Dammit. We didn’t need this, not so early in our journey. From the grunts and noises of struggle just beyond, it sounded like Sage was in her own battle. I had about two seconds to decide whether I should take off my cuffs and blast this bastard into powder but expose my scent, or keep covered and kick his ass in my human form.
I decided that he still might not know who I was and just attacked because we were wolves and he was a dick.
‘Stay covered,’ my wolf agreed.
Finally, I was able to suck in a lungful of air before the bastard reached me. With a grunt, the Ithaki and I crashed together. He landed on top of me, but I was able to get my legs up in time so that he crashed into the bottom of my boots. Kicking out with all my might, I launched him off of me as he screeched, arcing through the air before he hit the ground with a thud. Knowing I had only seconds to act or he’d be on me again with his vampire speed, I popped up onto my feet and threw myself forward. Pulling a stake from behind my back, the one I always now kept in my waist belt, I grappled with him as he reached for me.

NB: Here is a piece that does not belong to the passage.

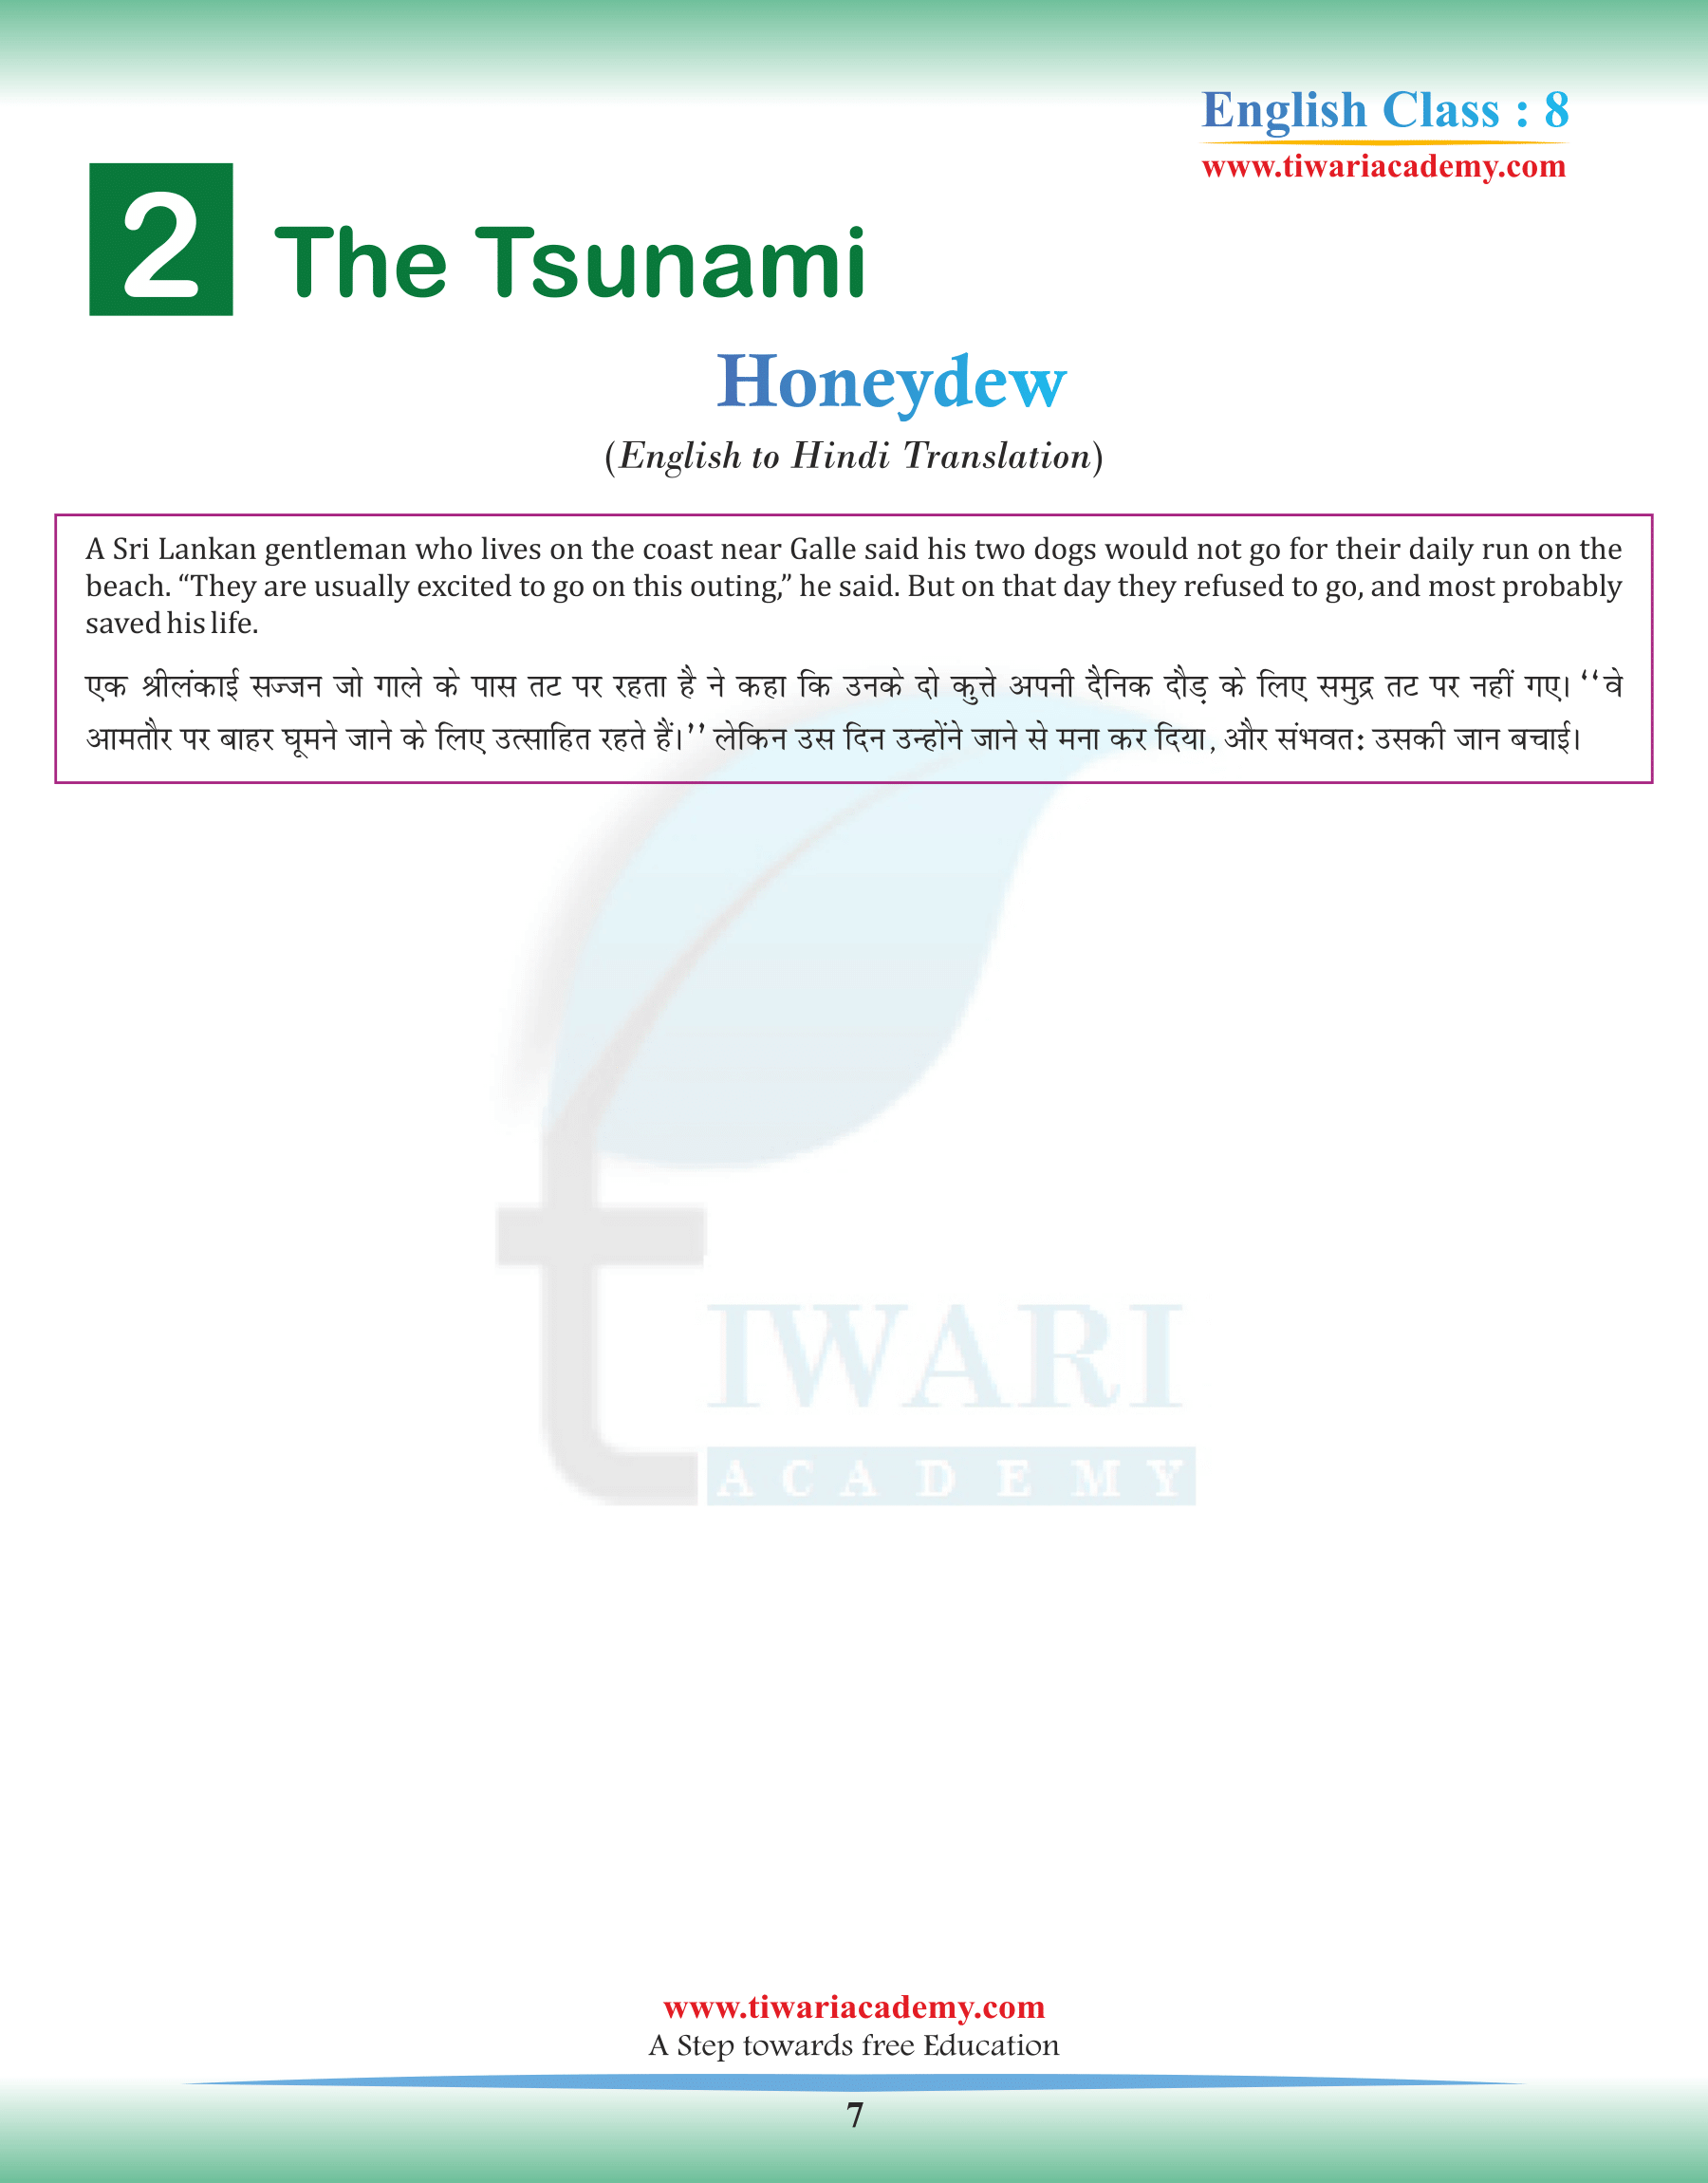 Hindi Translation of grade 8 English Honeydew Chapter 2 The Tsunami

Grabbing my right stake arm, he grunted, trying to keep me from stabbing the shit out of him. His fingers pressed so hard into my wrist that I whimpered, afraid it would snap. He was inhumanly strong, and I was very much human level strength right now, which was annoying.
‘Plan B. Take off the cuffs,’ my wolf said.

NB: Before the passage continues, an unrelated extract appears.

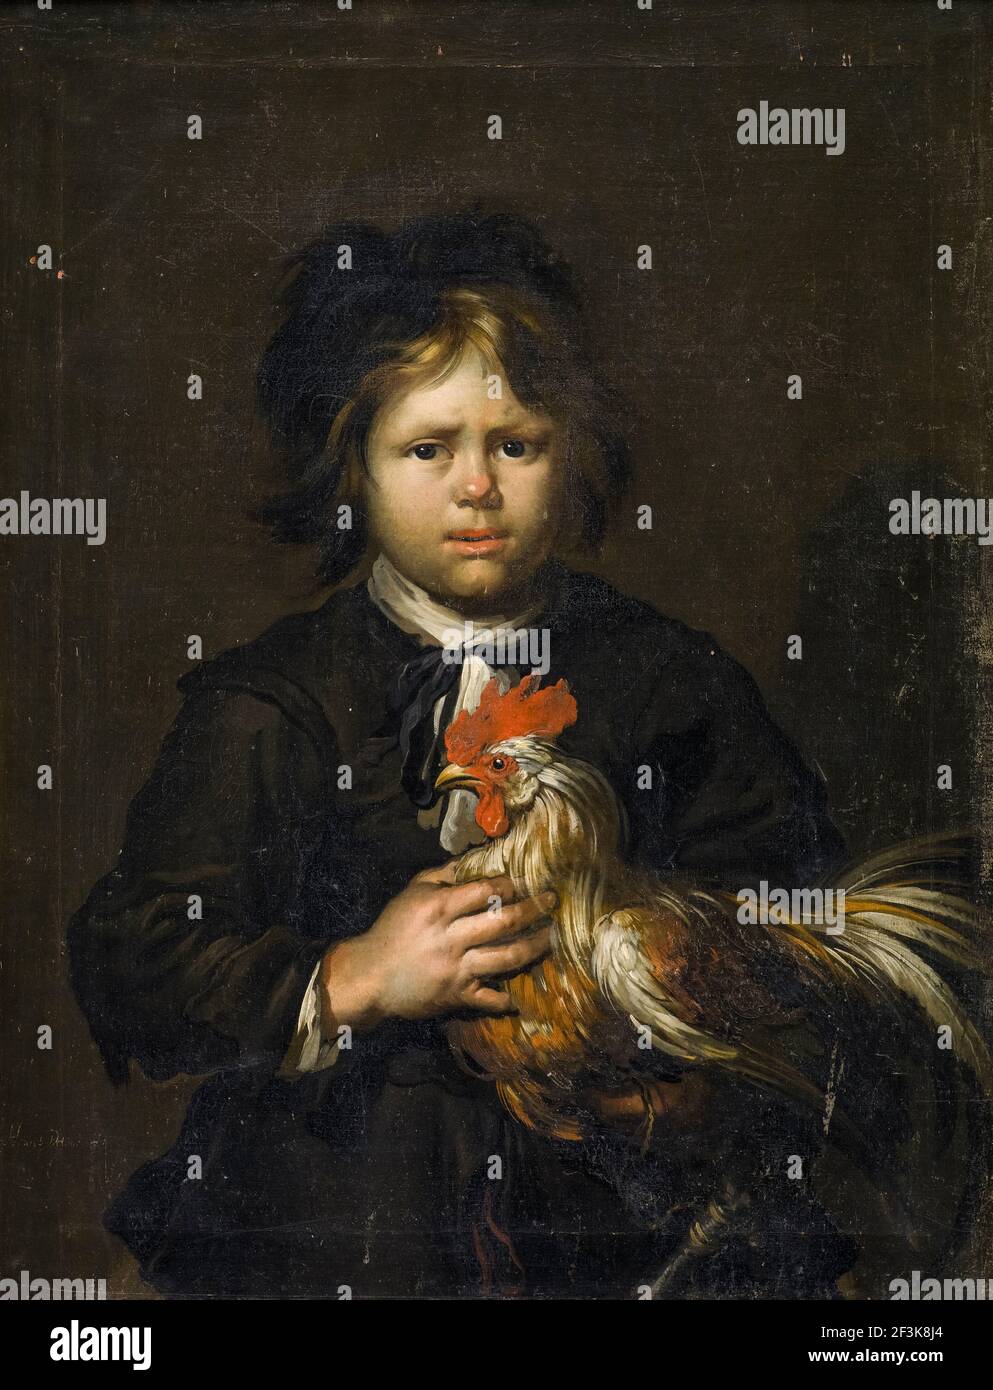 Carl Bloch, En fisker på en loggia (boy with cockerel), portrait painting, 1860 Stock Photo

‘You read my mind,’ I growled, trying to reach for my cuff with my free arm just as the vamp-fey froze, a guttural breathy grunt leaving his lips as blood dripped from his mouth. I looked down just in time to see the front tip of a stake poking through his chest. Glancing back up, my gaze met Sage’s.
“Thanks.” I breathed a sigh of relief as the dude went crashing to the ground. A black network of veins crawled up his neck and his skin sank in as he started to decompose.